Start of Data segment

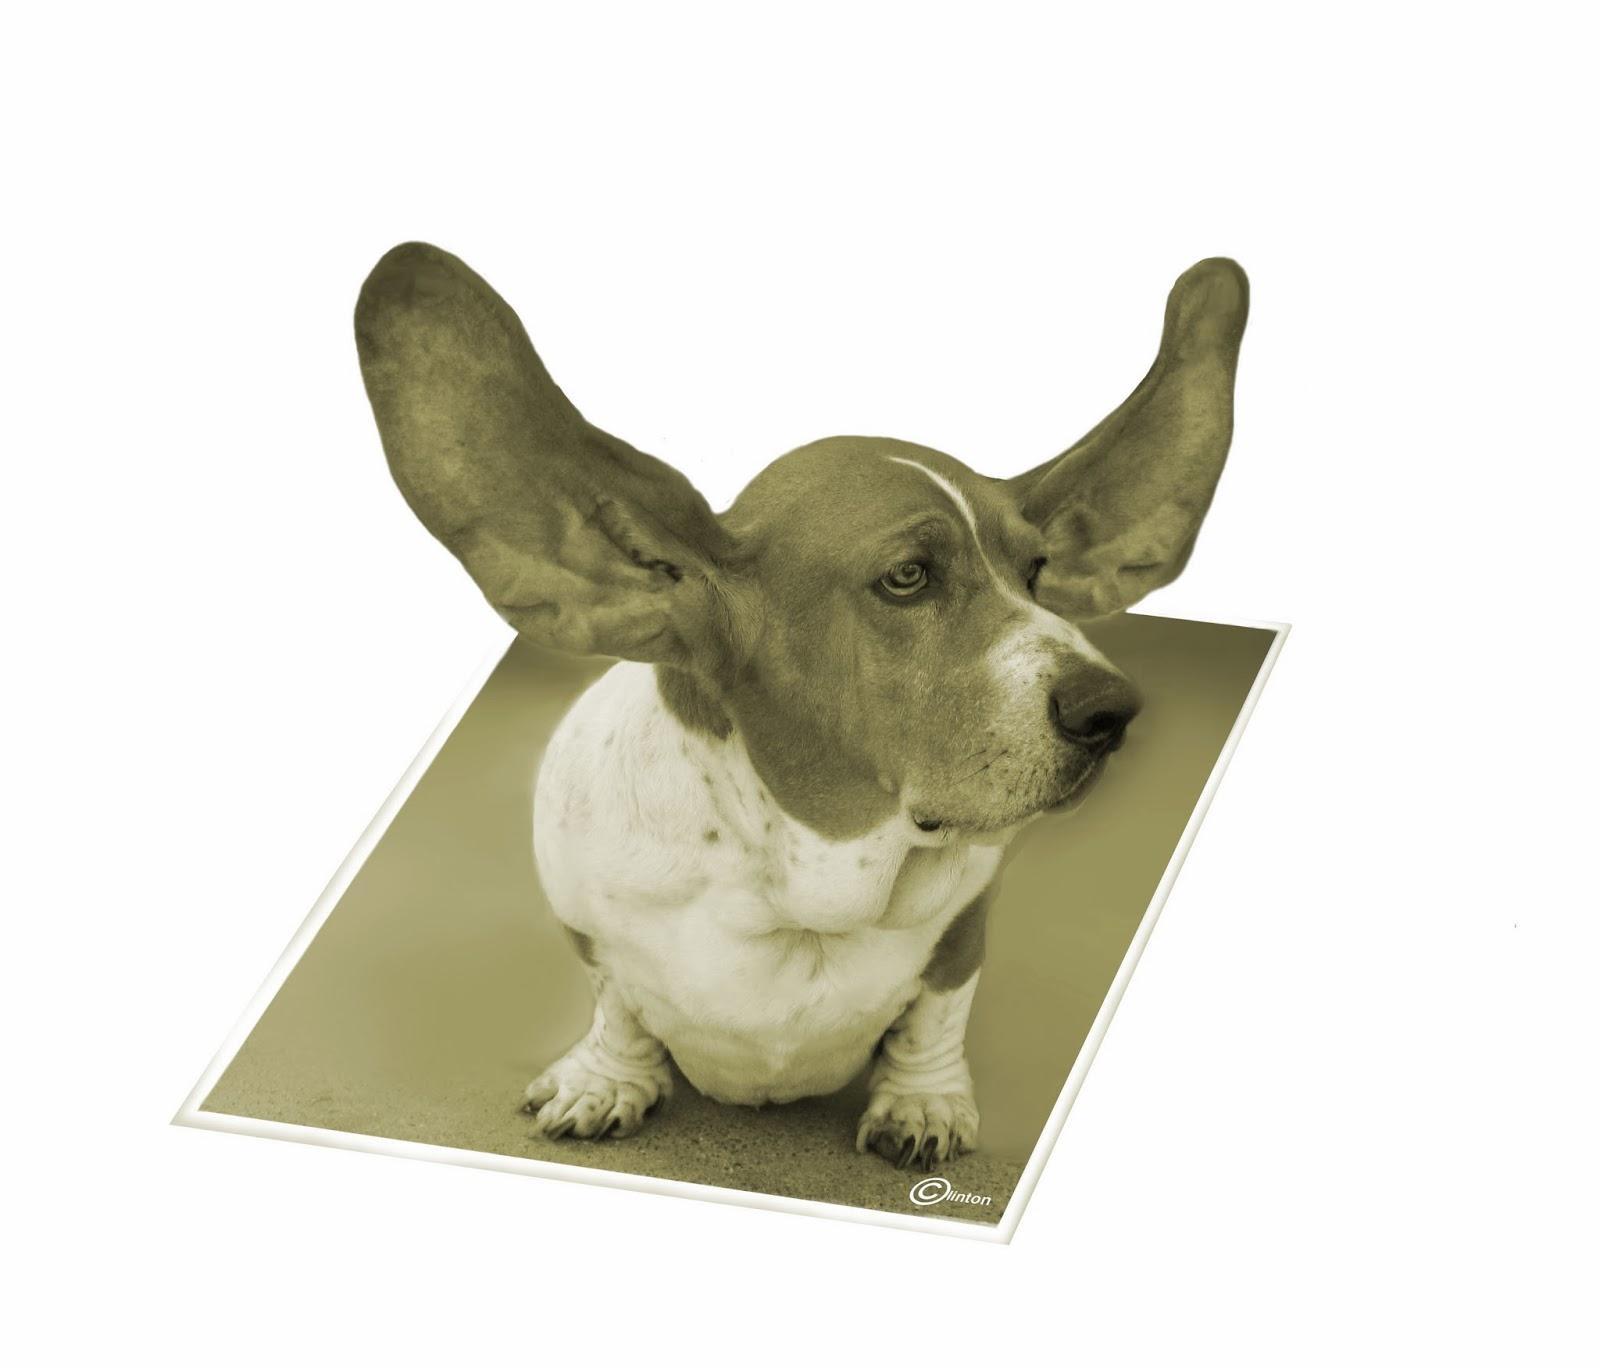 Bentley Basset with his ears flying
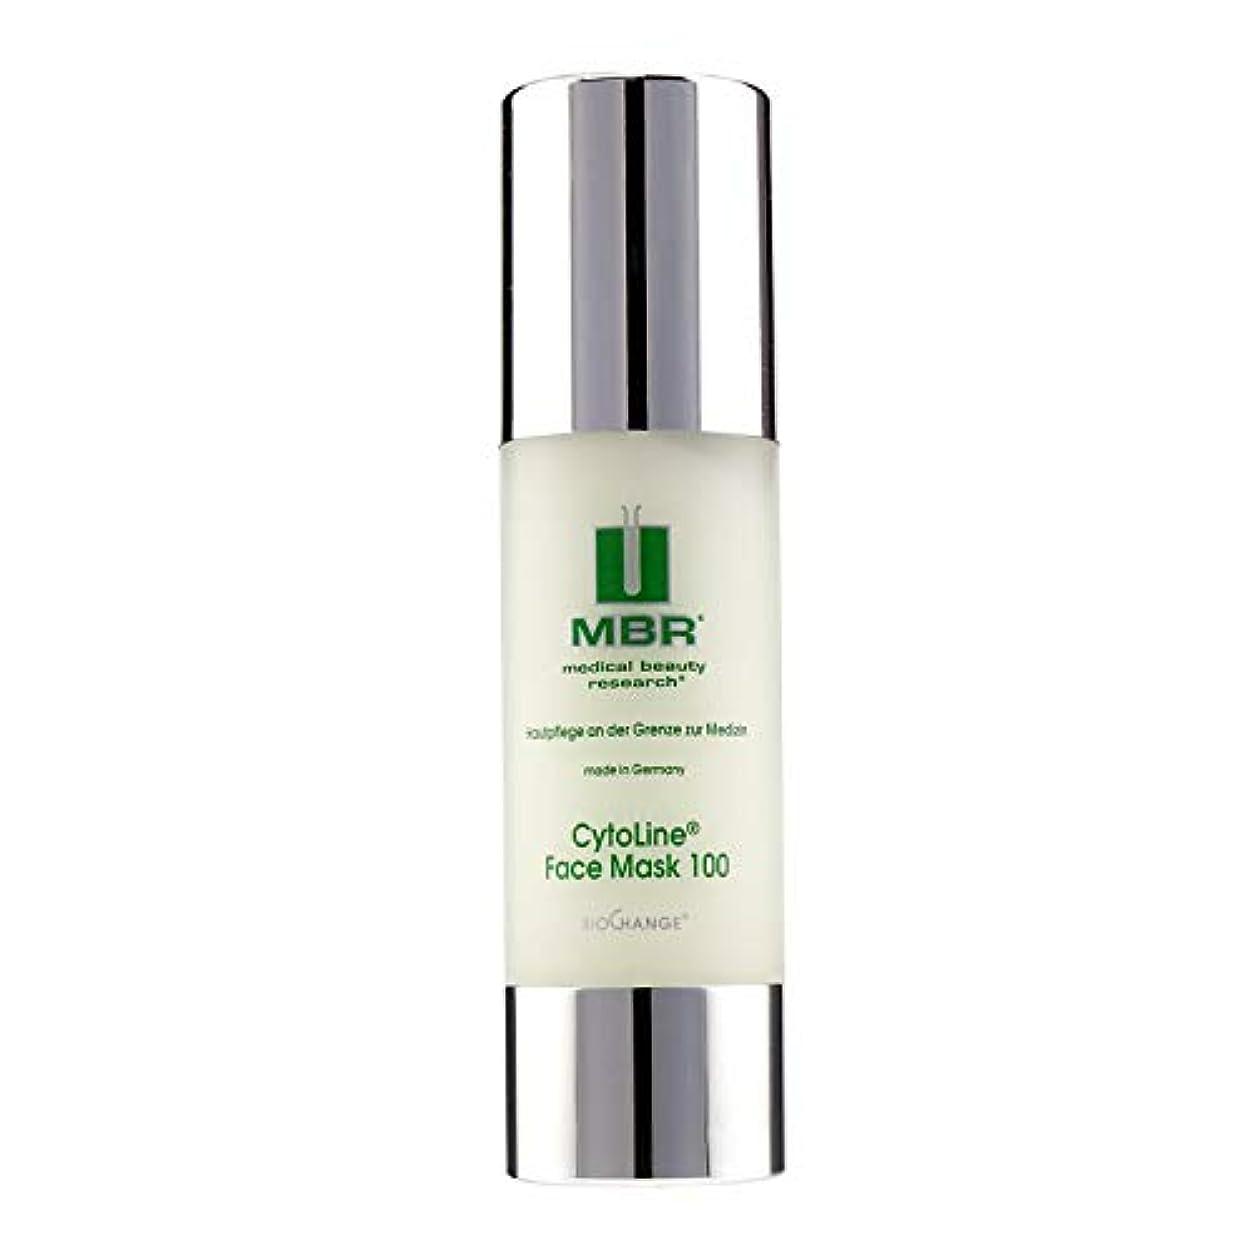 最初に間接的センチメンタルMBR Medical Beauty Research BioChange Cytoline Face Mask 100 50ml/1.7oz並行輸入品
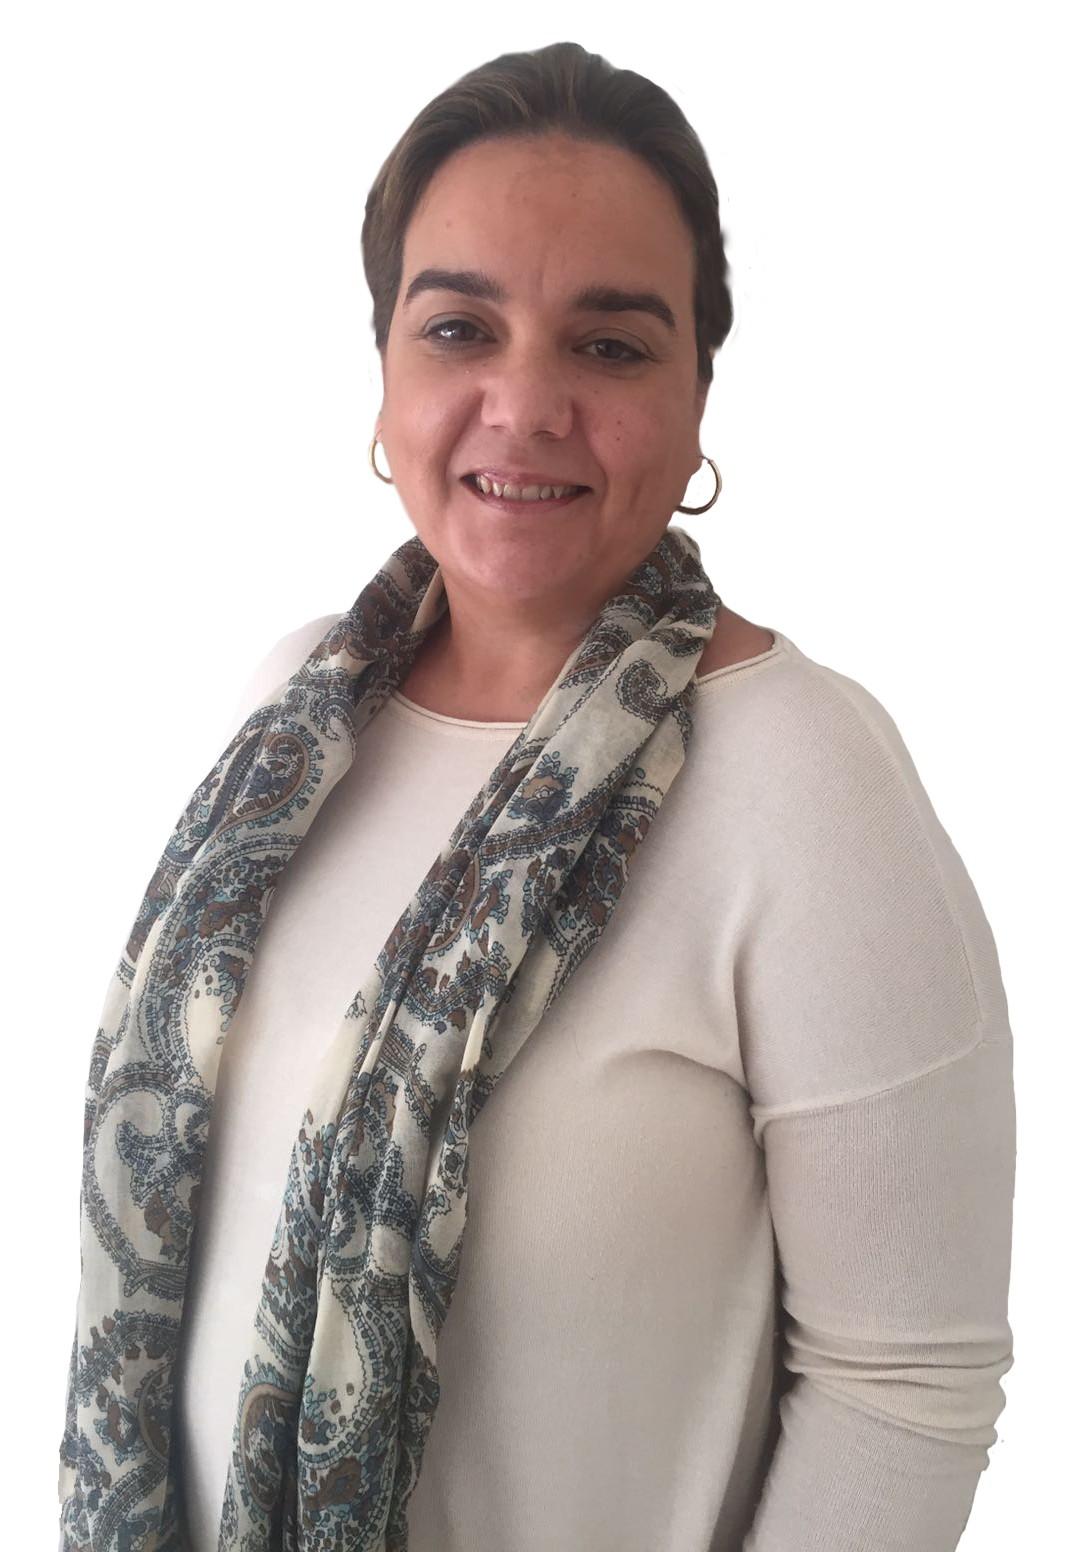 Montse Arteaga Bernal
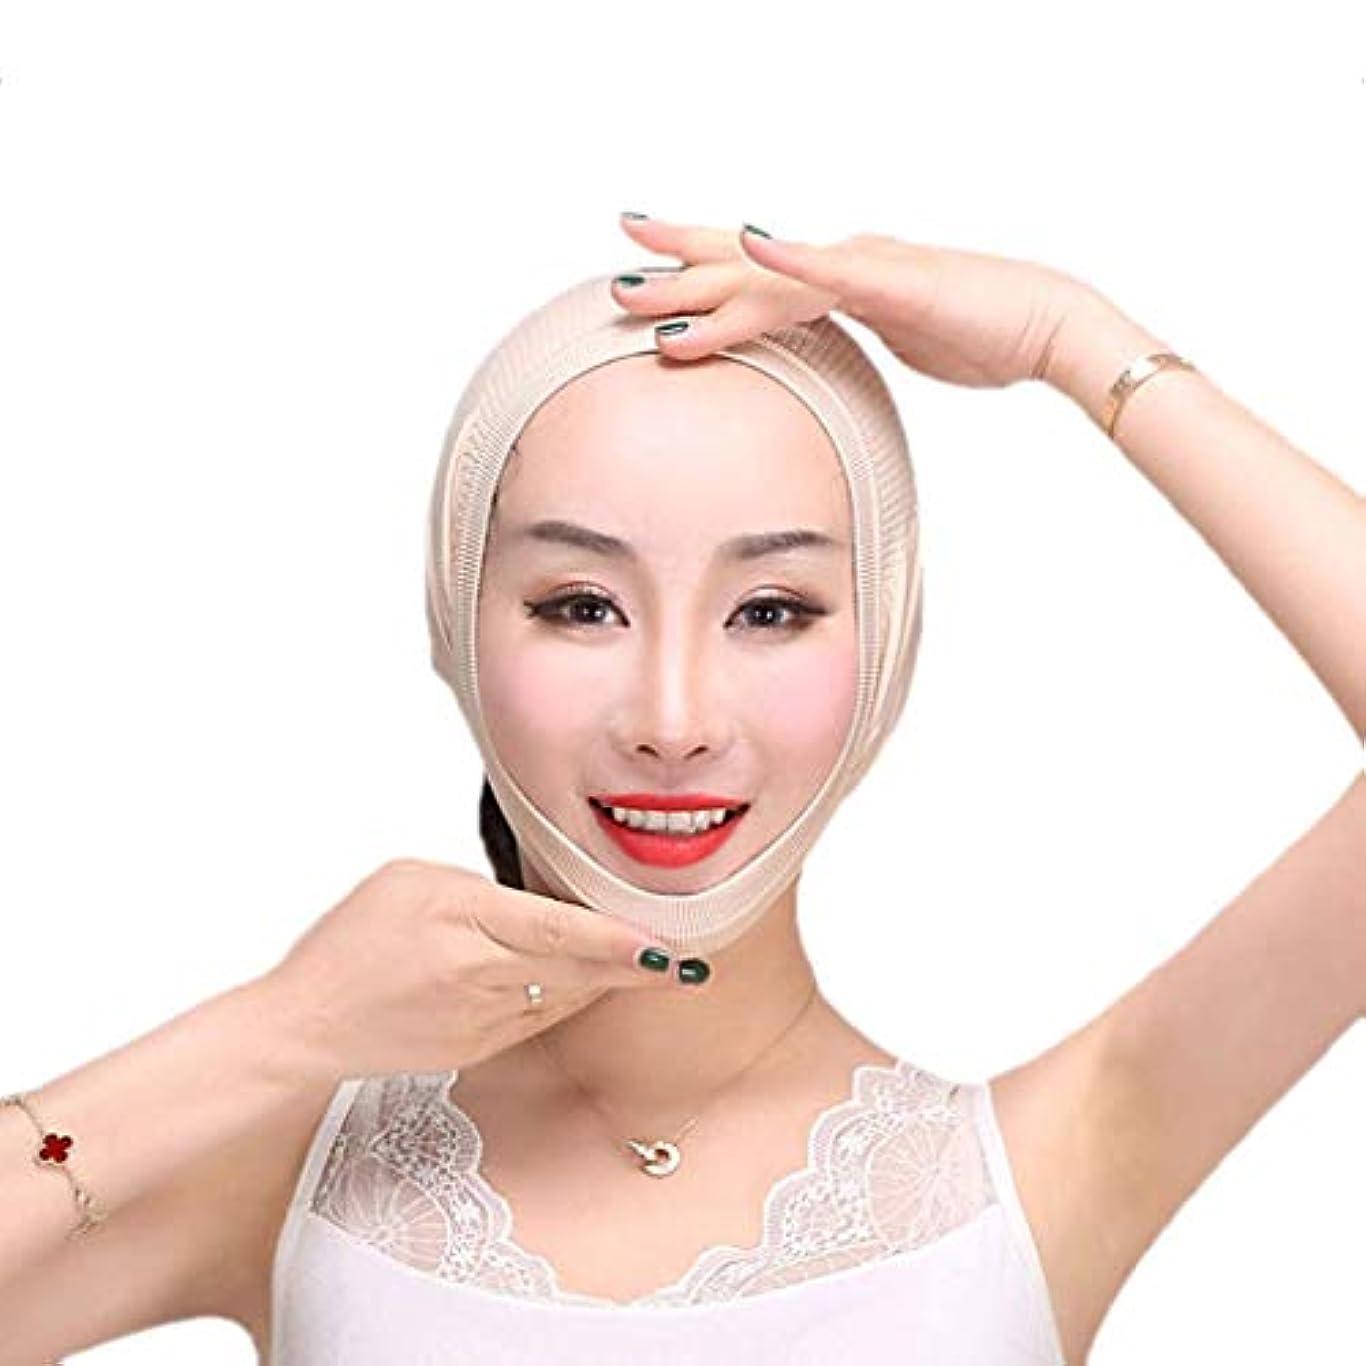 ジョージバーナード手首東ティモールフェイスリフトマスク、フェイススリミングマスク、チンストラップ、フェイスマッサージ、フェイシャル減量マスク、チンリフティングベルト(ワンサイズ)

End of Data segment

■ Exercise details
Give every line of the listing above again, exactly, with no images.

■ Completed task
 Bentley Basset with his ears flying
 最初に間接的センチメンタルMBR Medical Beauty Research BioChange Cytoline Face Mask 100 50ml/1.7oz並行輸入品
 Montse Arteaga Bernal
 ジョージバーナード手首東ティモールフェイスリフトマスク、フェイススリミングマスク、チンストラップ、フェイスマッサージ、フェイシャル減量マスク、チンリフティングベルト(ワンサイズ)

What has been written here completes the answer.